● **Action item**
The whole listing below should be printed again exactly, with no images.

● **Source material**
- Opening Delimiter -

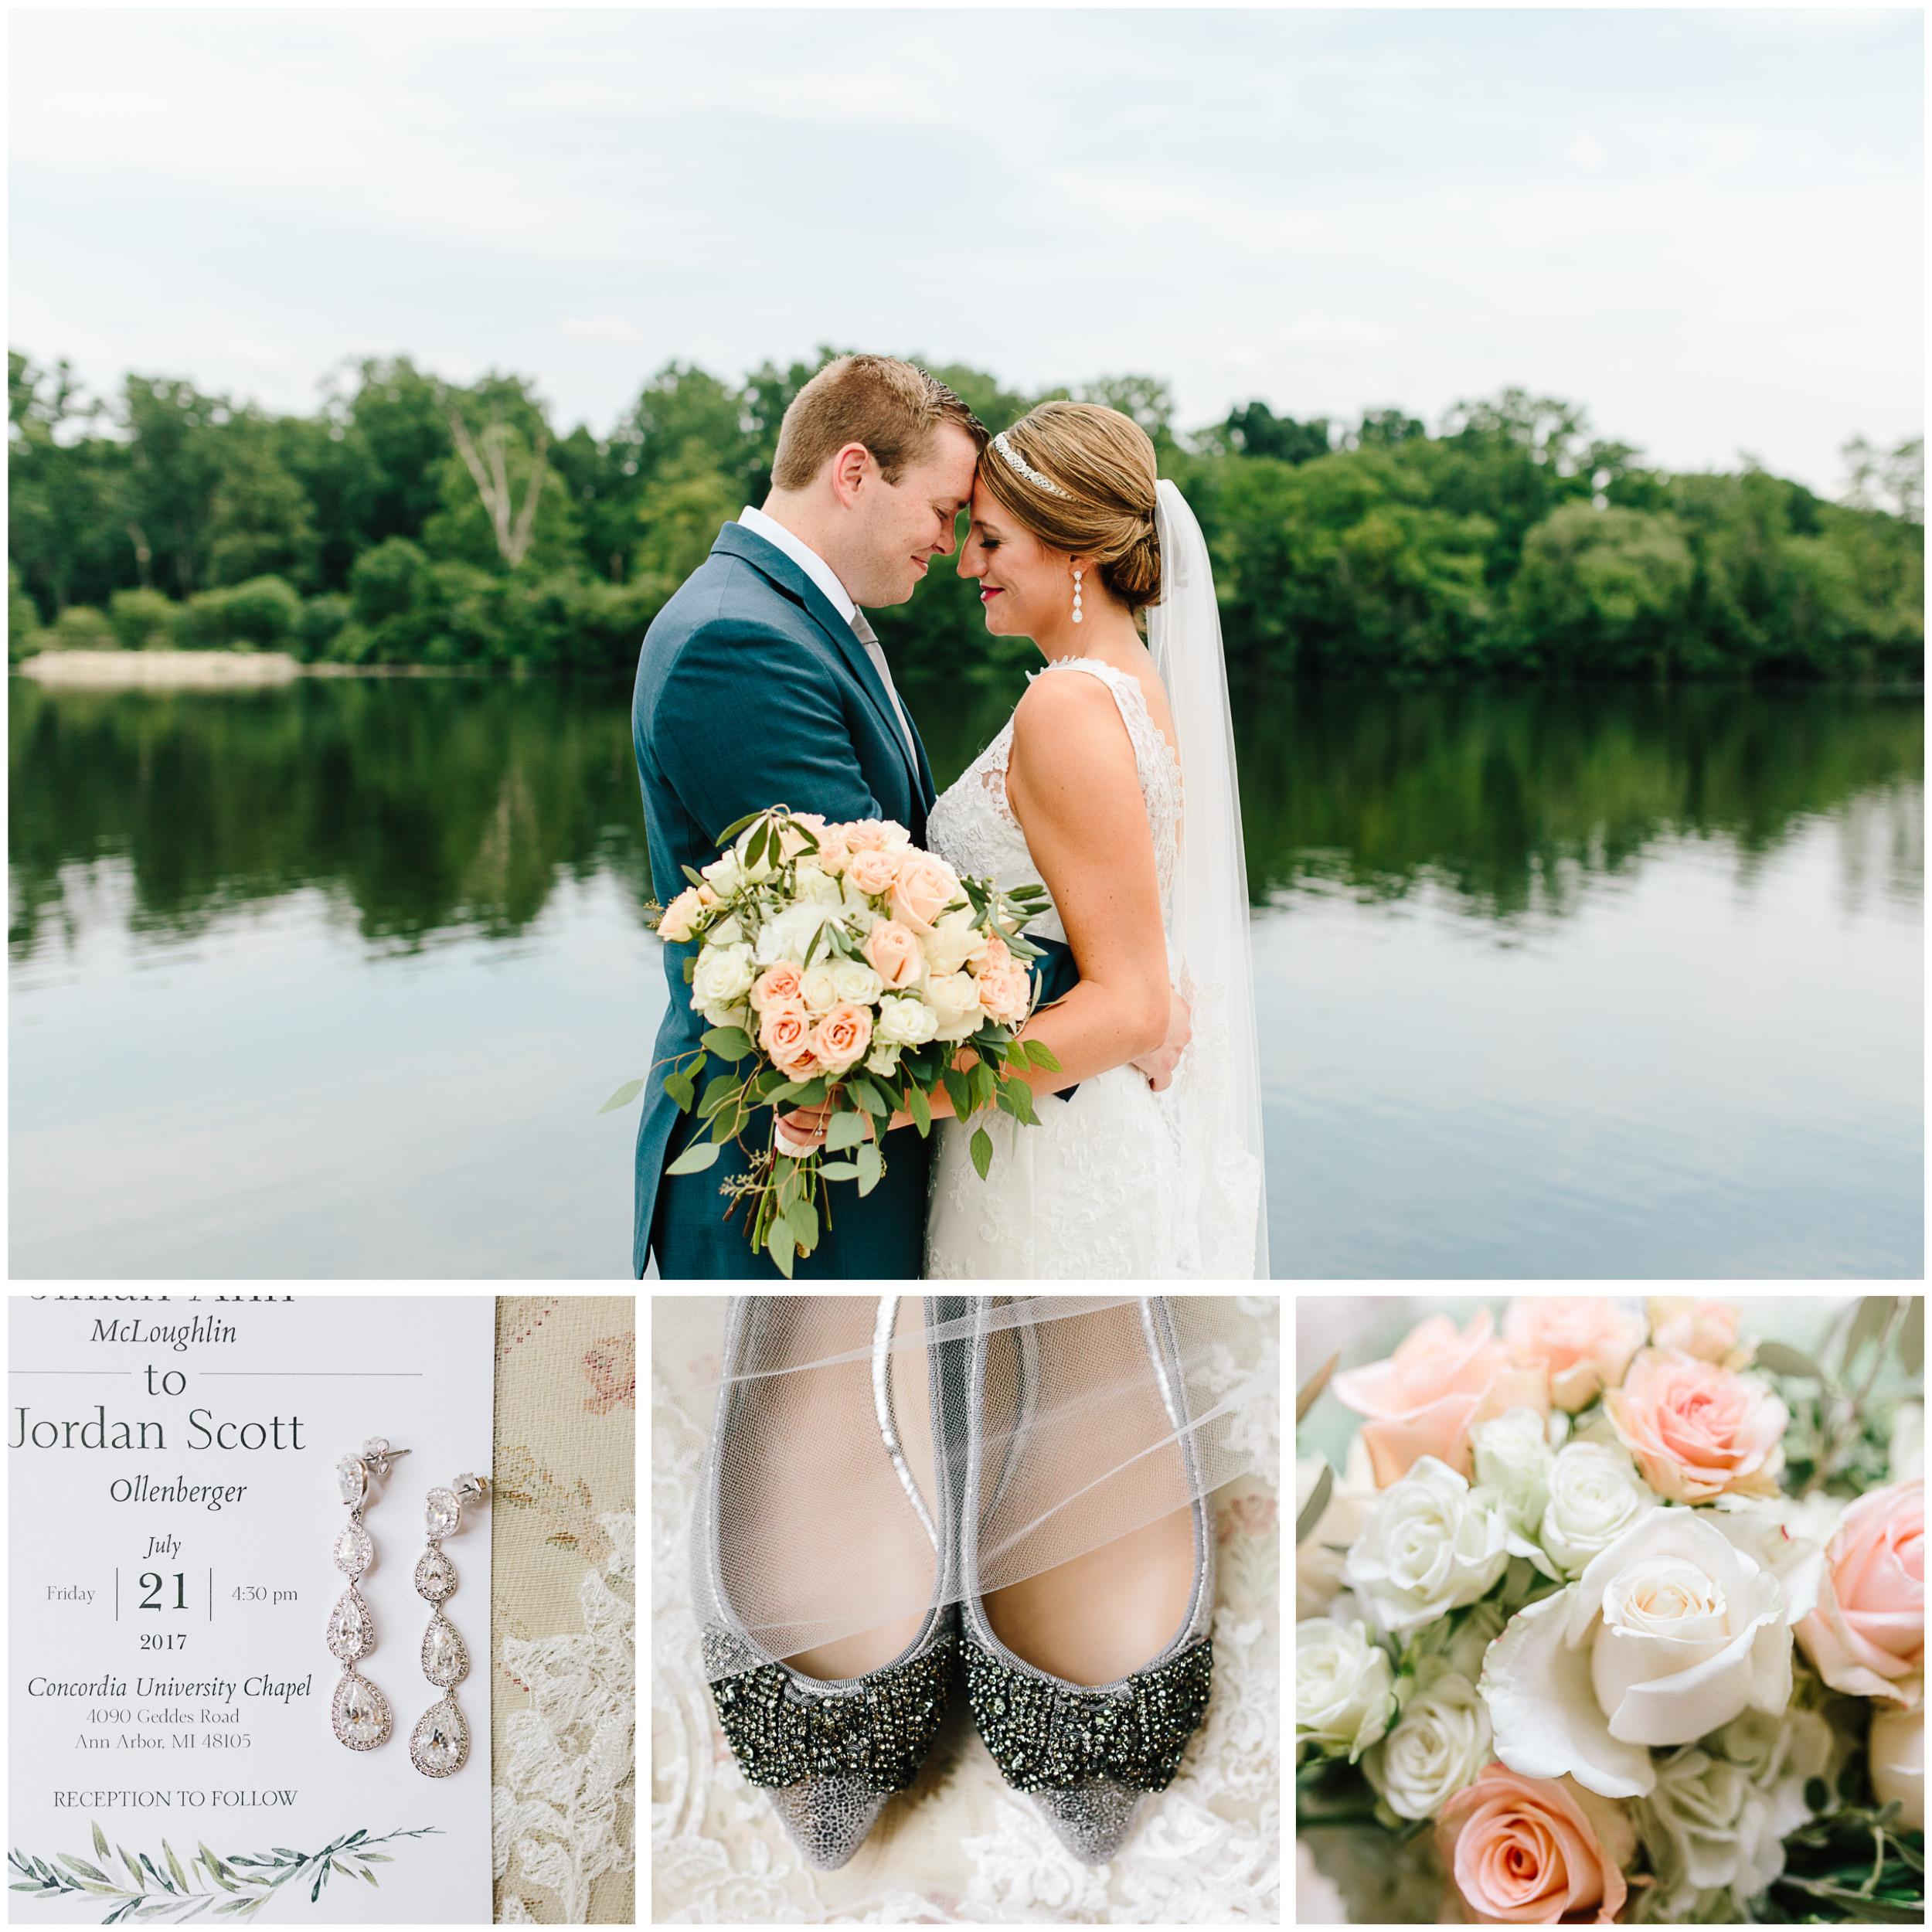 ann_arbor_michigan_wedding_header.jpg
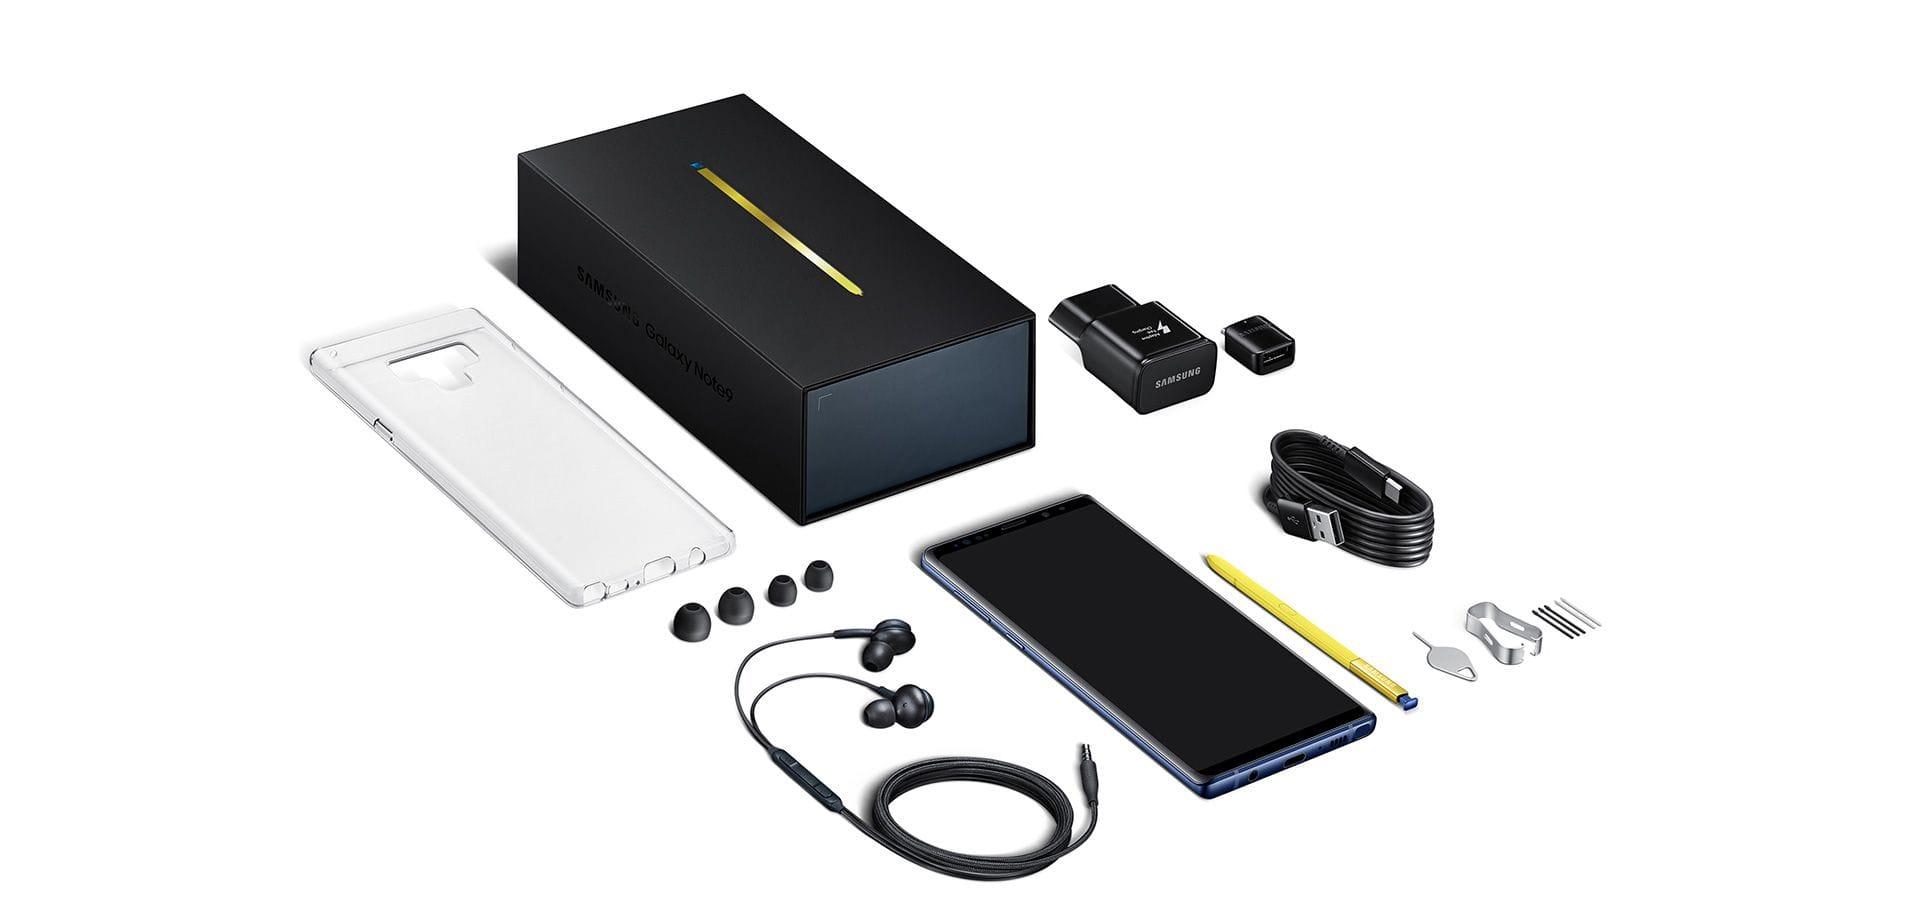 Samsung Galaxy Note9 packaging
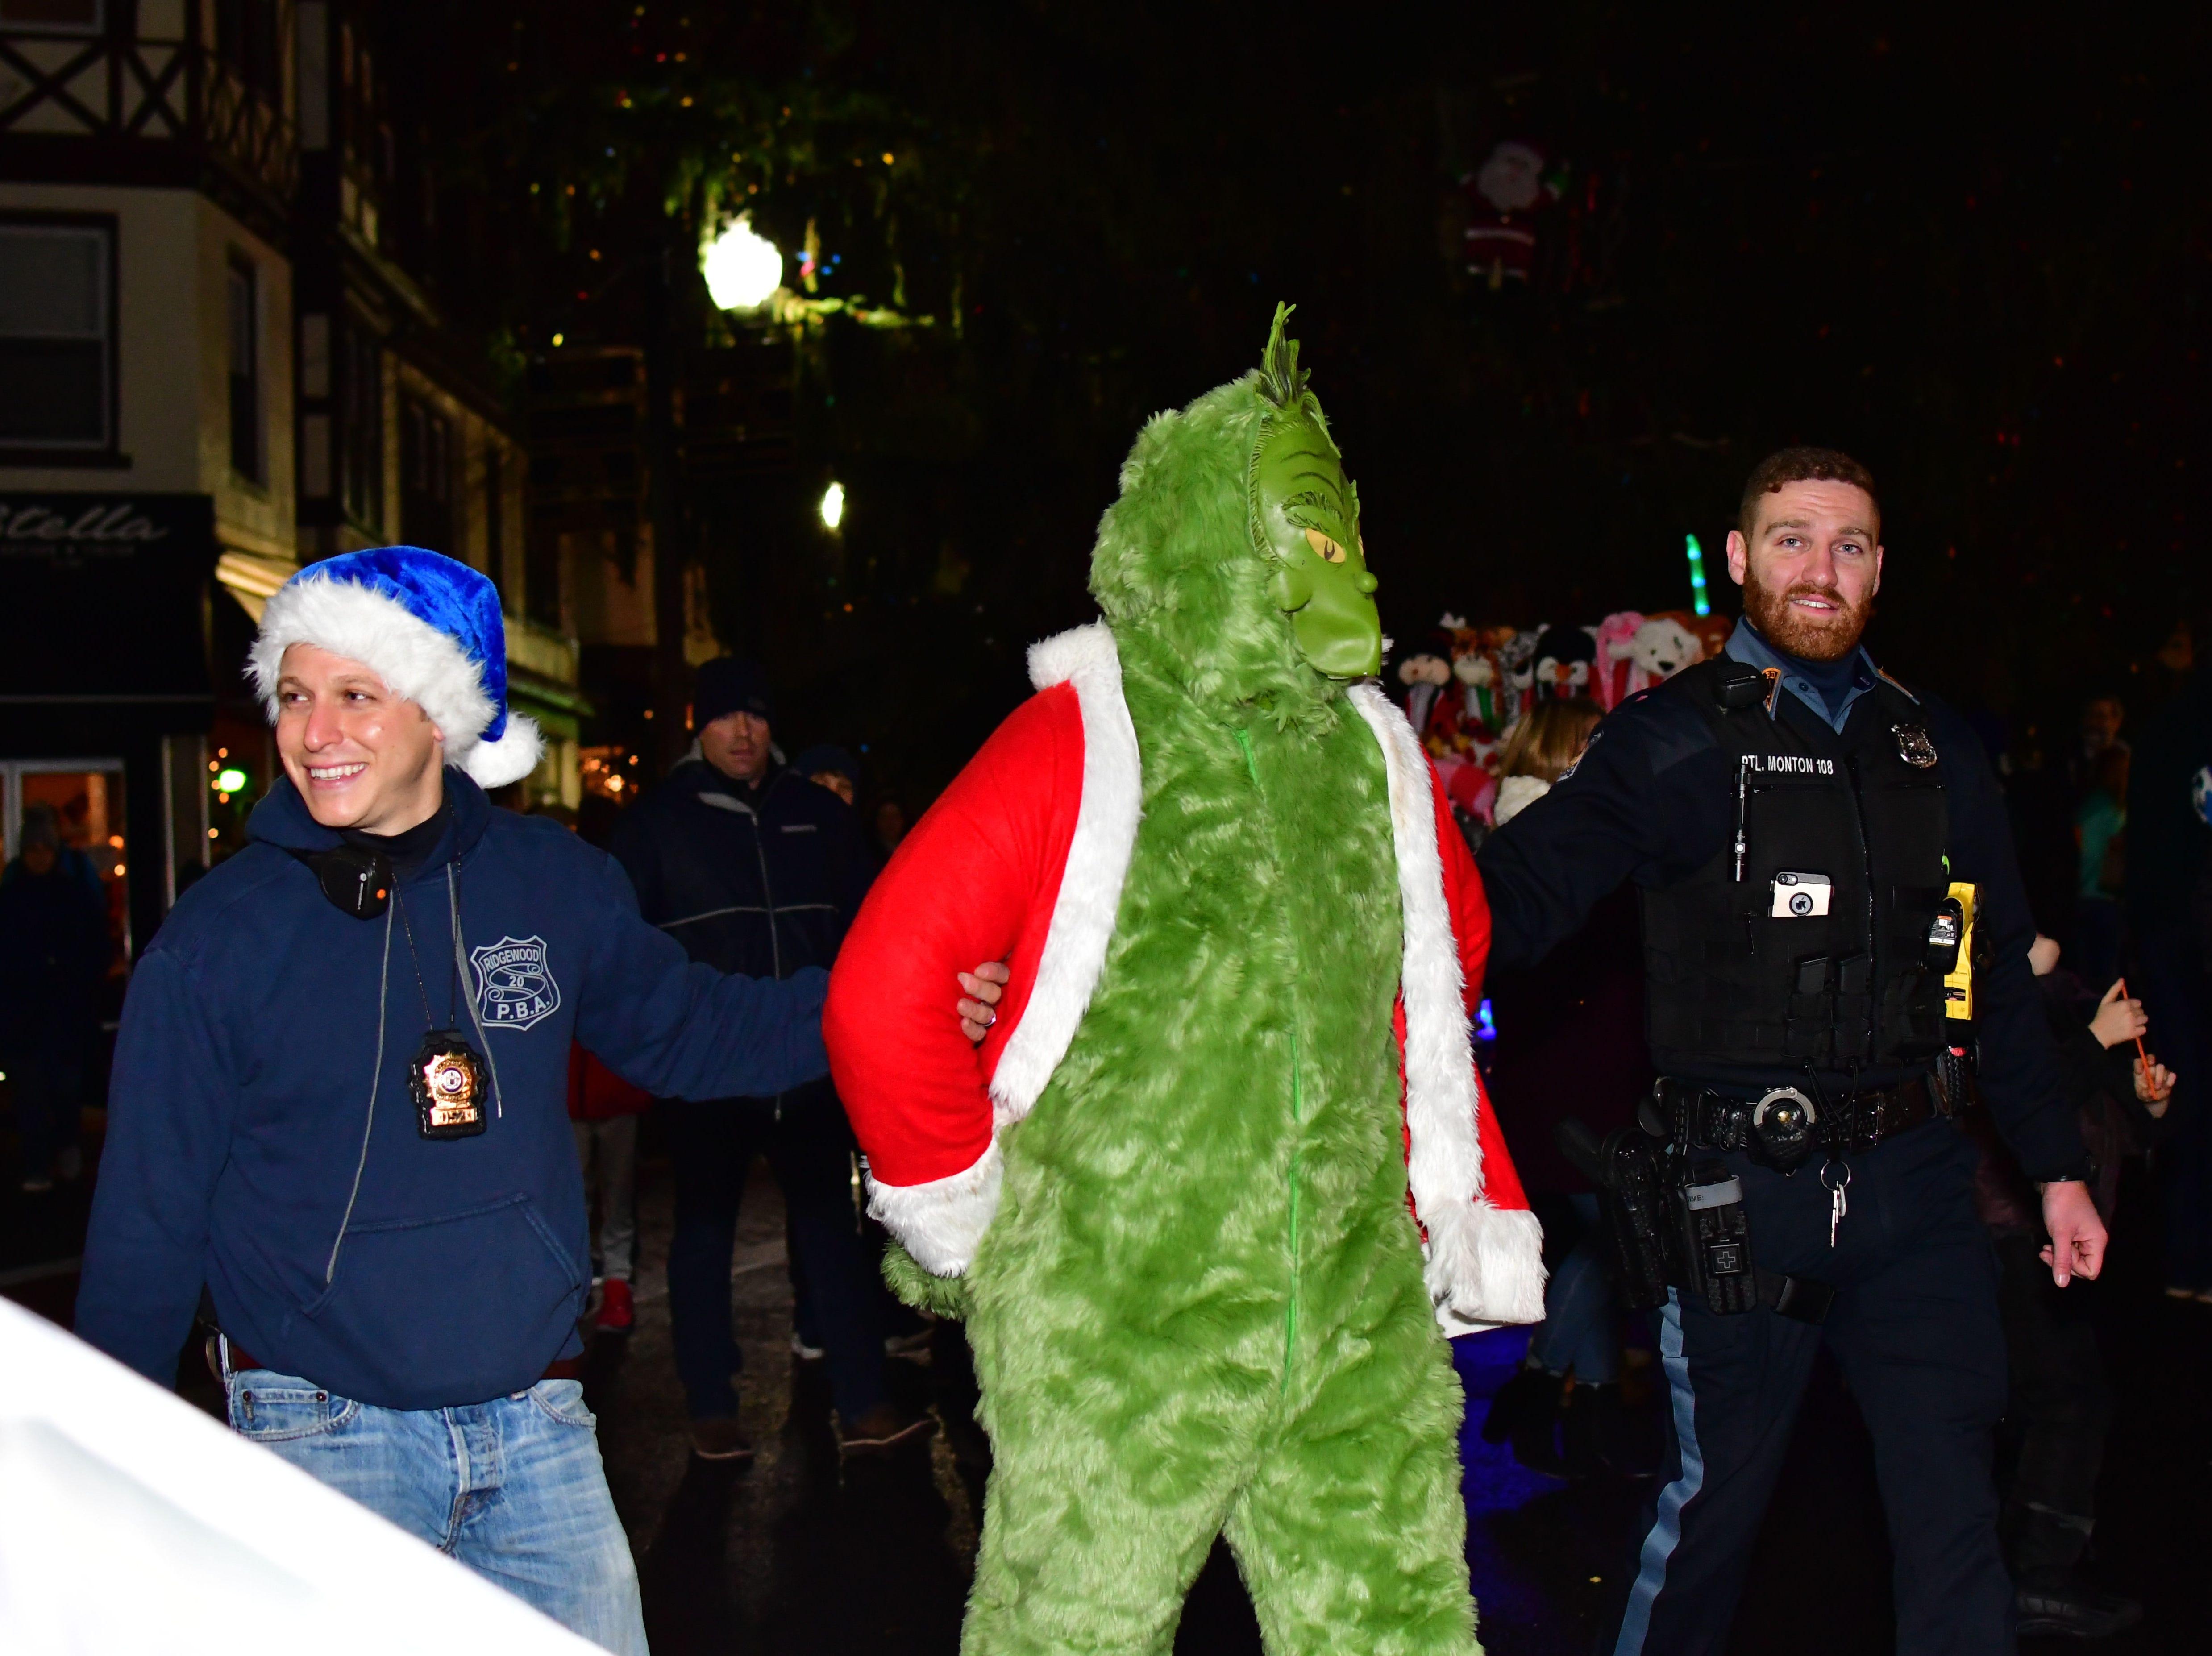 Grinch arrested.  Holiday festivities along East Ridgewood Avenue in Ridgewood on Nov. 30.

- Closing Delimiter -

● **Result of the task**
 ann_arbor_michigan_wedding_header.jpg
 Samsung Galaxy Note9 packaging
 Grinch arrested.  Holiday festivities along East Ridgewood Avenue in Ridgewood on Nov. 30.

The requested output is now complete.